Three Nightmares

This story is part of Fiction Month 2020. Click here to view the stories featured this Fiction Month, as well as past fiction pieces. 

I

A man stands in a train station. He wears a wide-brimmed hat and a long black coat; his hair—what little peeks out from beneath his hat; one suspects he is thinning—is dark, streaked with gray, and unkempt. It runs down the back of his neck, and even out over the collar of his shirt. His face is lined with age, but there is little hair on his cheeks: his grooming is impeccable. He stands within the sight of a great standing clock, but he does not look at it. Indeed, he seems almost to be quite pointedly looking away from it: as if he fears what may happen if he looks at it too closely. He trembles. I can see it now. He is shaking with fear. Sweat runs down the back of his neck. Within his pockets, his hands are clenched into anxious fists; his palms are slick wet.

There is a briefcase resting at his feet. From time to time, his gaze flits down to it, and lingers for a single moment. His pupils shake, his lips quiver, and he looks away. In his mind, he promises himself that he will not look at it for at least another thirty minutes. He must not look at it. But he quickly breaks this promise. He blinks more often than is, perhaps, normal: as if he is in shock, or on the verge of tears. At least once, he opens his lips, and his tongue runs over the cracked skin. His saliva tastes warm and sour, as it does when one has just woken up. Perhaps he has been asleep; perhaps he still is. He sniffs the air, and flinches: there is something there that he did not expect. His head draws back, his back straightens. It is the most he has moved. Is he waiting for something, or is something waiting for him?

His ears are large, and stick out noticeably from the sides of his head. He can hear almost perfectly all the myriad sounds that infest this place. A soft whistling sound: the wind. It chills him, makes the hairs on the back of his head stand up. The electric lights above, flickering and stuttering, as their wires whine. All sound in the station, save for the wind, is mechanical: the creaking of train cars miles away, riding on rails to places unknown; the sound of pistons and levers, surging for some unknown purpose; the hum of electricity that surrounds and stuns and silences all. A few months earlier, flies, dazed and blinded by the lights, might have buzzed about overhead; now, with winter’s coming, they are all dead, or lying in wait for spring. The ground is cold and dead and silent; the Earth is giving up. And outside, the last rays of the setting sun are vanishing into the night. Darkness will soon be all around. He fears this most of all, because he does not trust the electric lights to stay on. Murmuring under his breath, he prays for his deliverance.

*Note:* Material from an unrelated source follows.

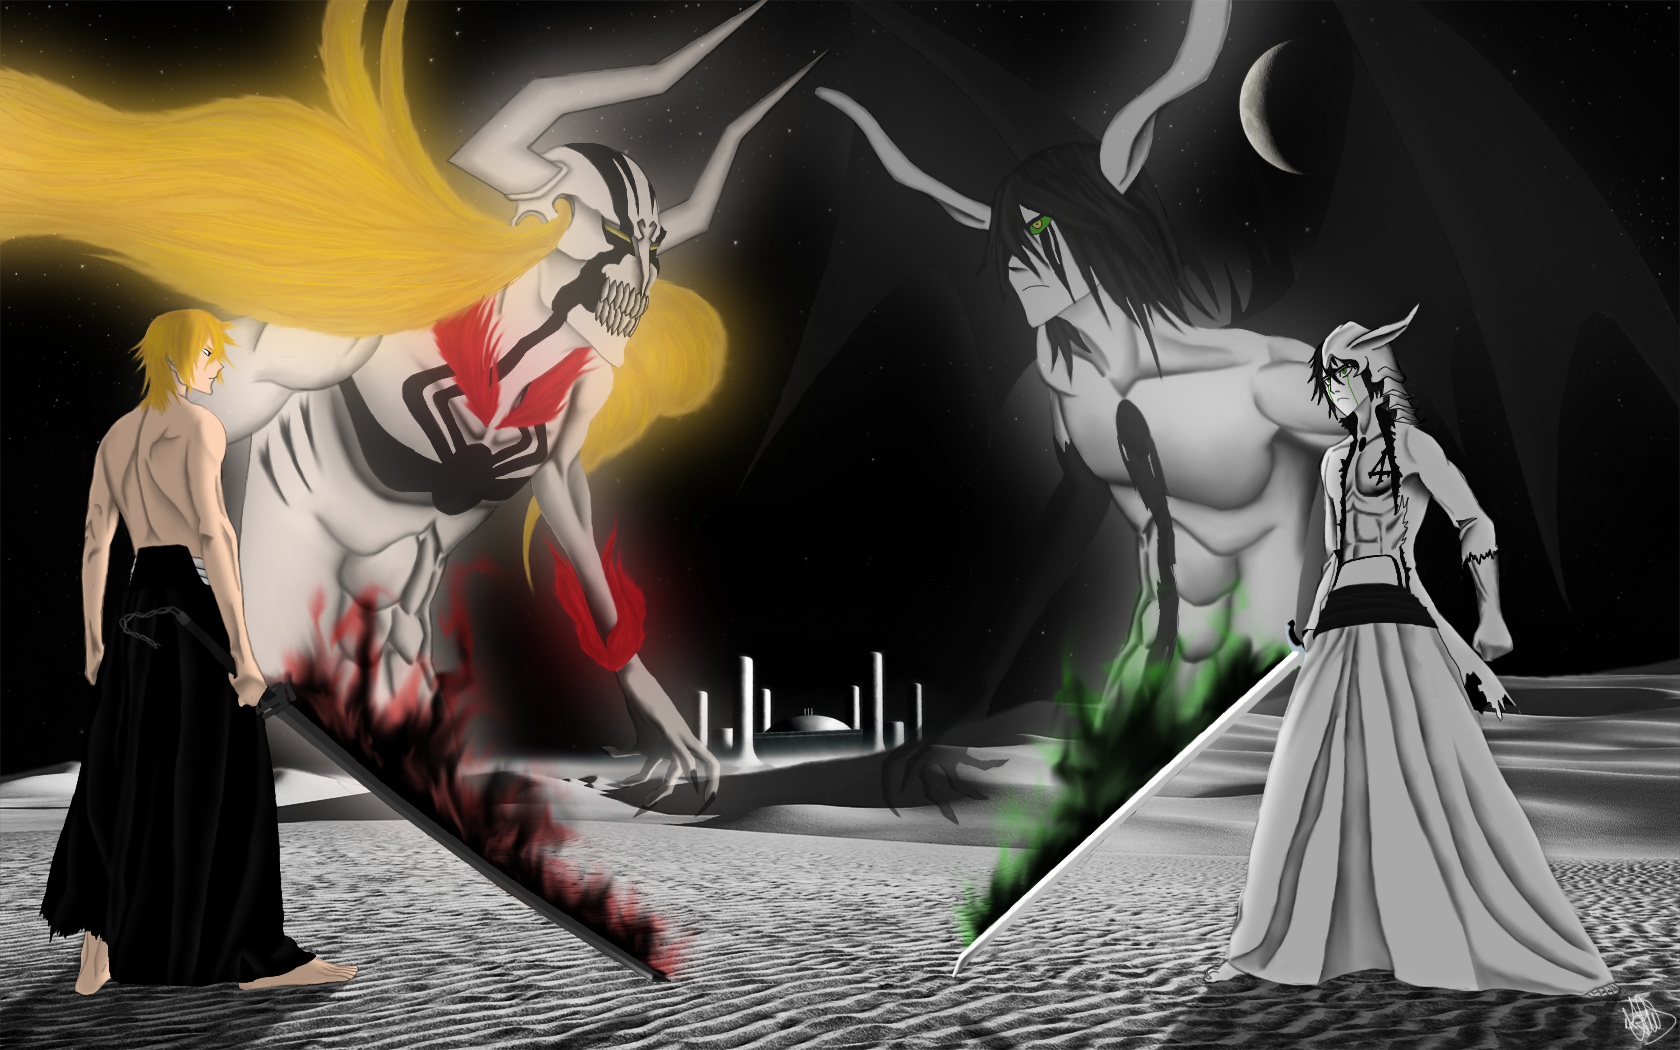 Kaidou vs Vasto Lorde Ichigo and Ulquiorra - Battles - Comic Vine
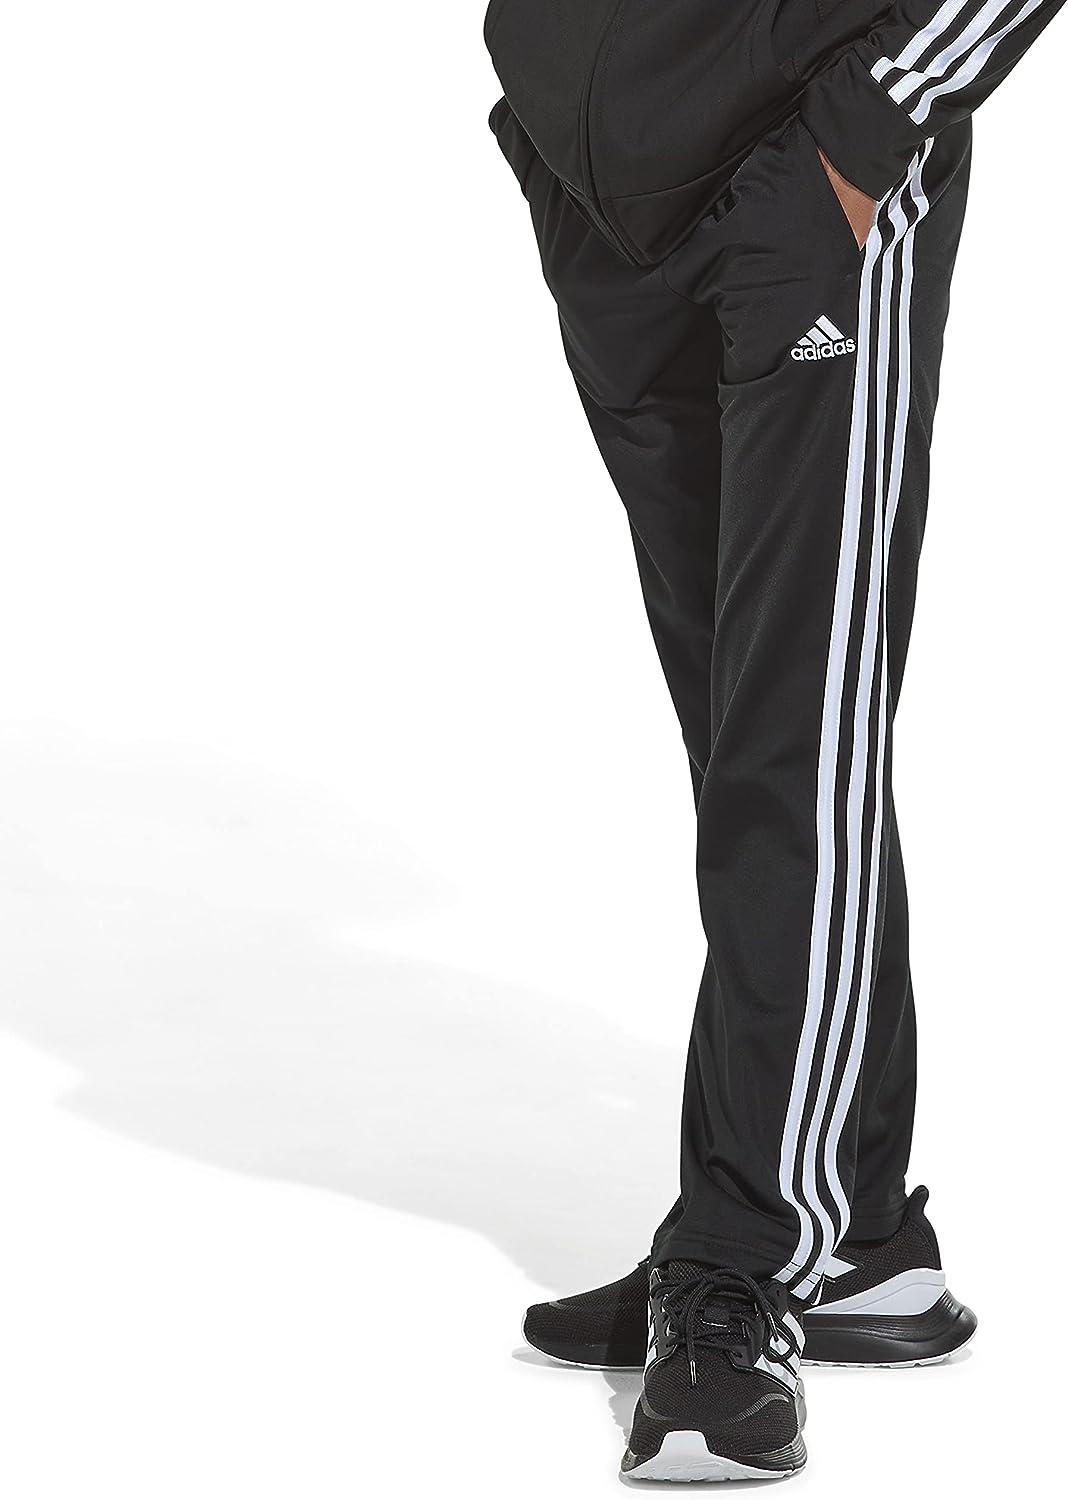 Adidas Iconic Tricot Joggers, Boys XL 18-20, Black w White Stripe, AK5645 |  Clothes design, Joggers, Tricot

To whom, exactly, does he pray?

When the night has closed in at last, and shadows lie all about him, he closes his eyes. He whispers something under his breath, but his lips barely move. They resemble nothing more than a thin line across his face, a gash in his callow flesh. Some emotion passes over his face, clouding his features, stiffening his spine: anger, born of fear? Is he enraged by his impotence, his terror? Does he wish he were stronger? He takes a deep breath. In, out. His eyes open, and his gaze flits over the scene. Shadows seem to take on lives of their own, and in his mind there can be no life that is not antithetical to his, and so these shades must be the soldiers of an infernal army, come to surround him and bring an end to him. He does not look away, but stares ahead, gaze fixed, head shaking, as he desperately tries to ignore them. Seconds pass like hours. His chest heaves steadily, but deeply, such that one can see it even when his body is wrapped within his clothes—the one-time cocoon that now can offer him nothing at all. Without warning, a shadow looms from behind him. He turns. He blinks. Then he runs.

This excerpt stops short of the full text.